Anna turned from the window towards her Gran. The old woman’s breathing grew more wheezy as she tucked the sheets under the mattress and threw a thick brown blanket over the top. The final layer was a candlewick bedspread, like a wedding cake piped with swirls and icing flowers. Anna lent over to stroke the soft surface, but Gran tossed a pillow at her with a huff.
"Make yourself useful," she said, handing the girl a flannelette pillowcase.

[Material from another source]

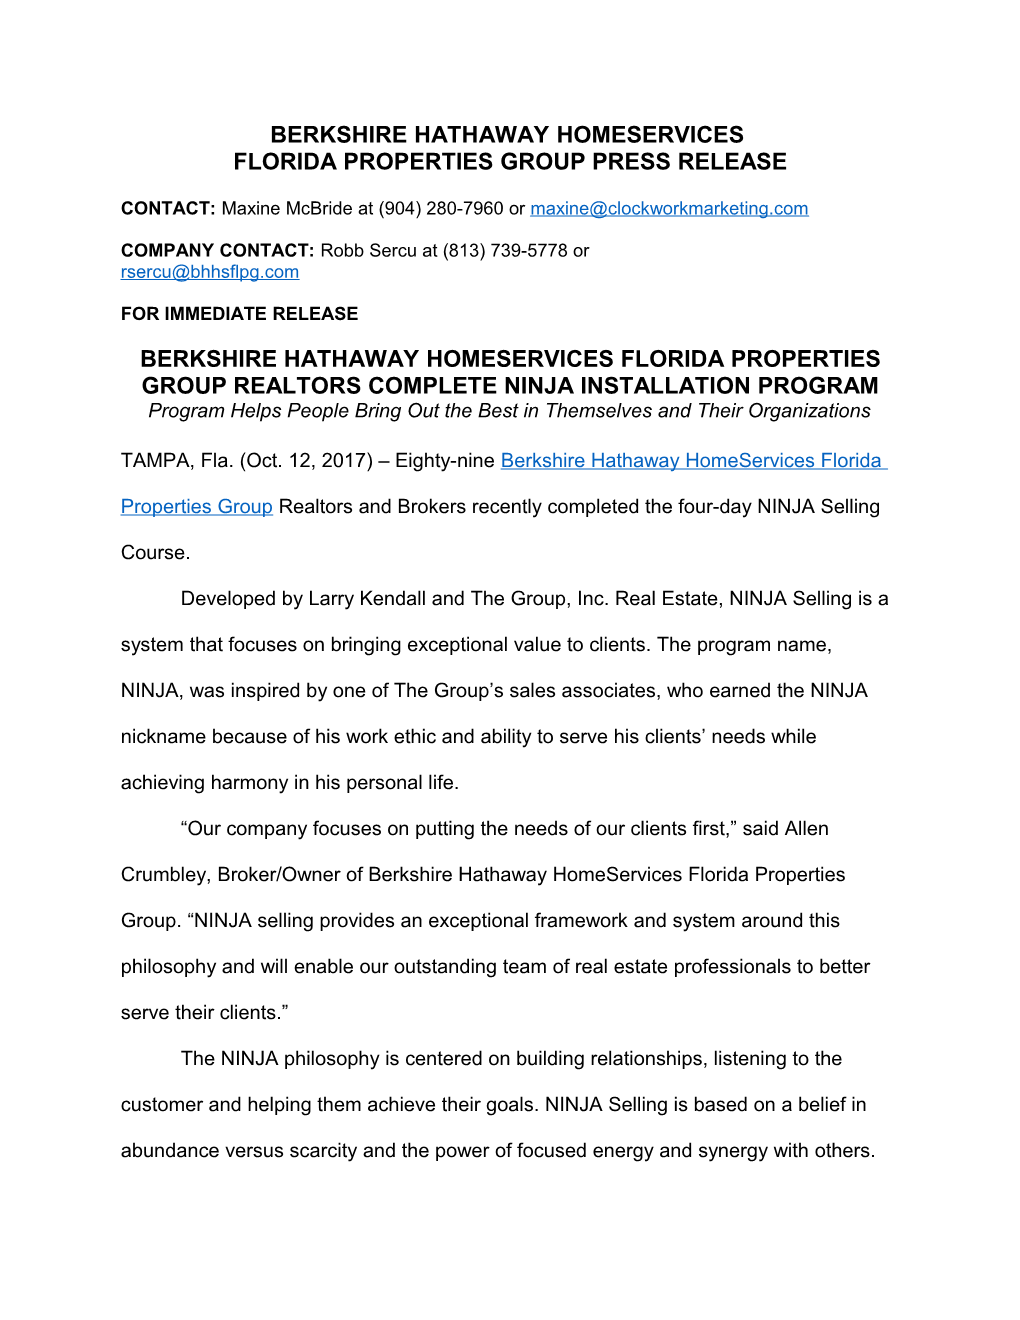 Florida Properties Group Press Release

Anna was sleeping there more often now her mum was on nights at the maternity hospital, but there was nothing personal to her in the room. It had once belonged to her aunts, before they had married and moved away. She couldn't remember ever being allowed upstairs then. Though the piles of clogs and wedge sandals contested to young fashionable women having lived there, along with piles of magazines, discarded cosmetics and perfume bottles containing the last stale dregs of eau de cologne. Anna tried to imagine them getting ready for a night out, applying Moonwind from the blue glass phial, brushing their long hair and checking their reflections in the mirror above the mantelshelf.

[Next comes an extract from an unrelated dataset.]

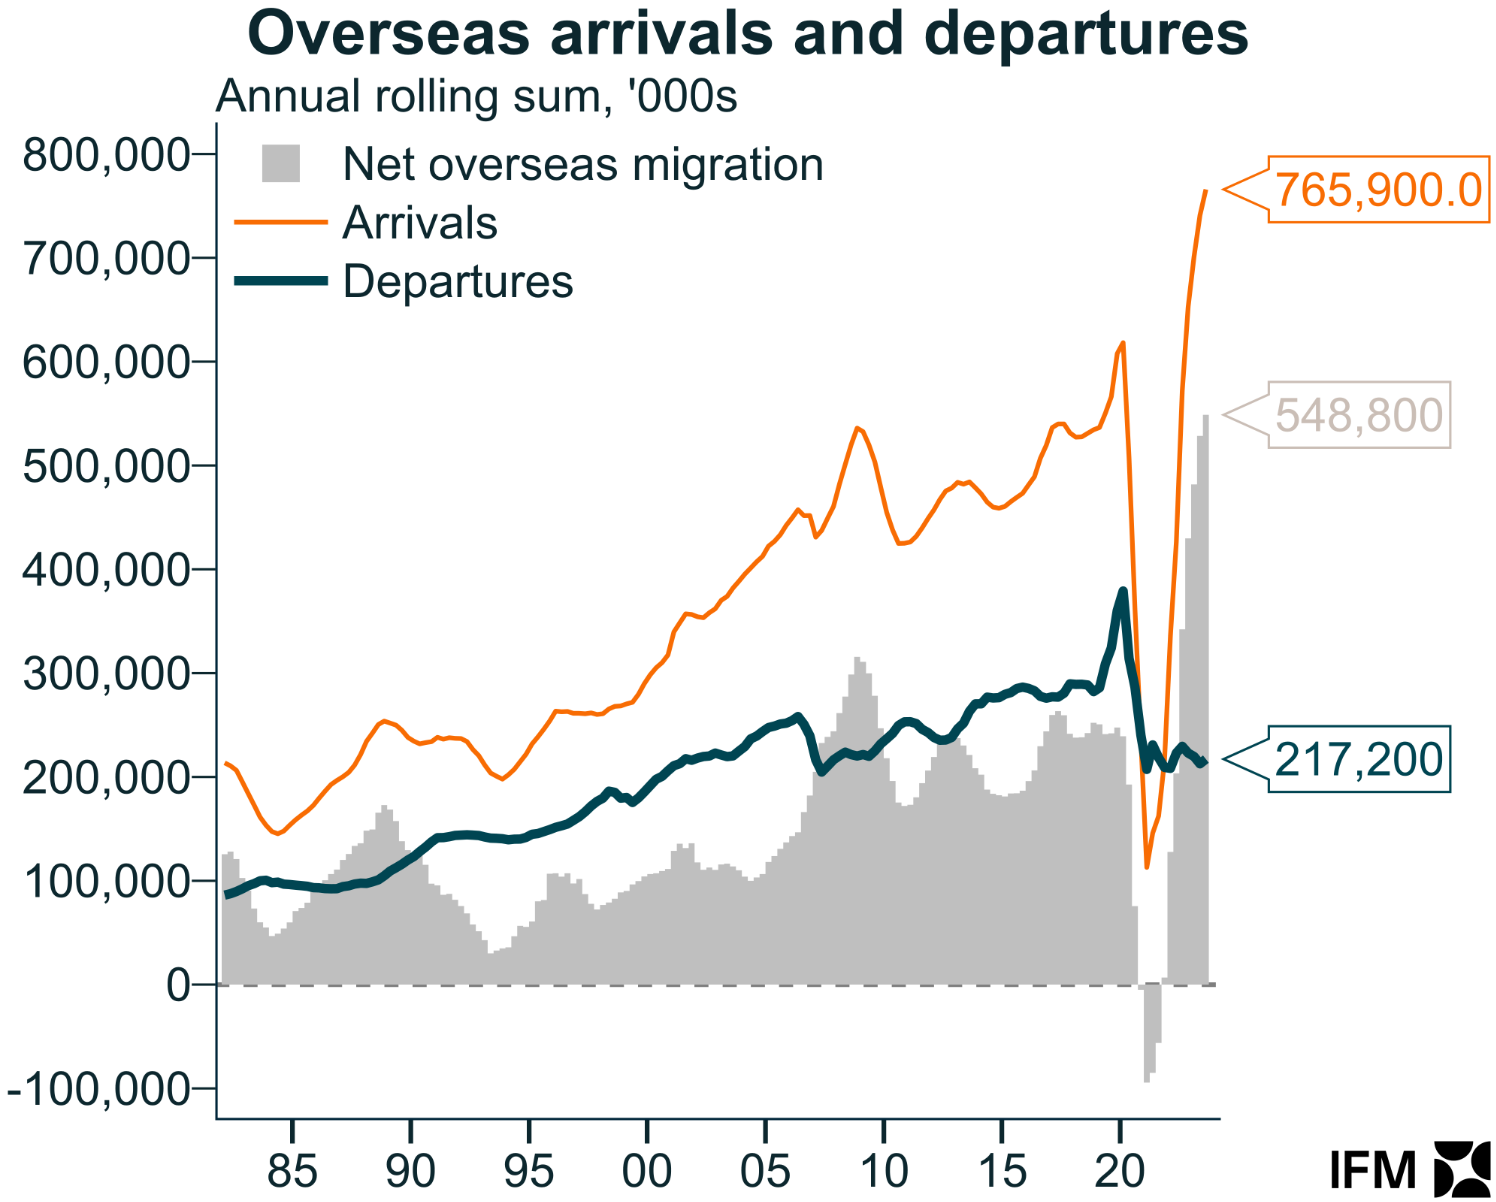 NOM arrivals and departures

She imagined them coming downstairs transformed, in their floor-length dresses, their faces shining, their eyebrows plucked to perfect arches and lashes spidery with layers of black mascara. They would often wear the same dress in different colours, Anna recalled, so that one was like a negative image of the other: Cynthia in a pale ghostly shade and Jacqueline in dark red or brown. There was still a bottle of Jacqueline’s nail polish on the shelf, like a crimson heart against the white painted surface. Anna tried to twist off the lid, but it was stuck fast with dried up varnish. Yet its sweet solvent smell filled the room, as she remembered being allowed to watch them paint their long scarlet talons, then how they would flutter their fingers like birds’ wings.
The bedroom smelled of damp now and although her Gran would plug in an electric heater to take the chill off before bedtime, Anna knew that she would spend the night shivering under the covers. She hoped to sleep right through, for it was if she woke in the night, that the strange thoughts would begin. What was behind the door, barred by the headboard of the double bed? She knew: she’d seen that it was a cupboard filled with old games and puzzles and boxes of junk. It was only in the dark that the doorway haunted her and she imagined it actually led somewhere. And it was only in the dead of night that she would dream she heard people singing, or voices murmuring, or the sound of crying, and she would tell herself that it was only Gran, unable to sleep too, listening to the wireless.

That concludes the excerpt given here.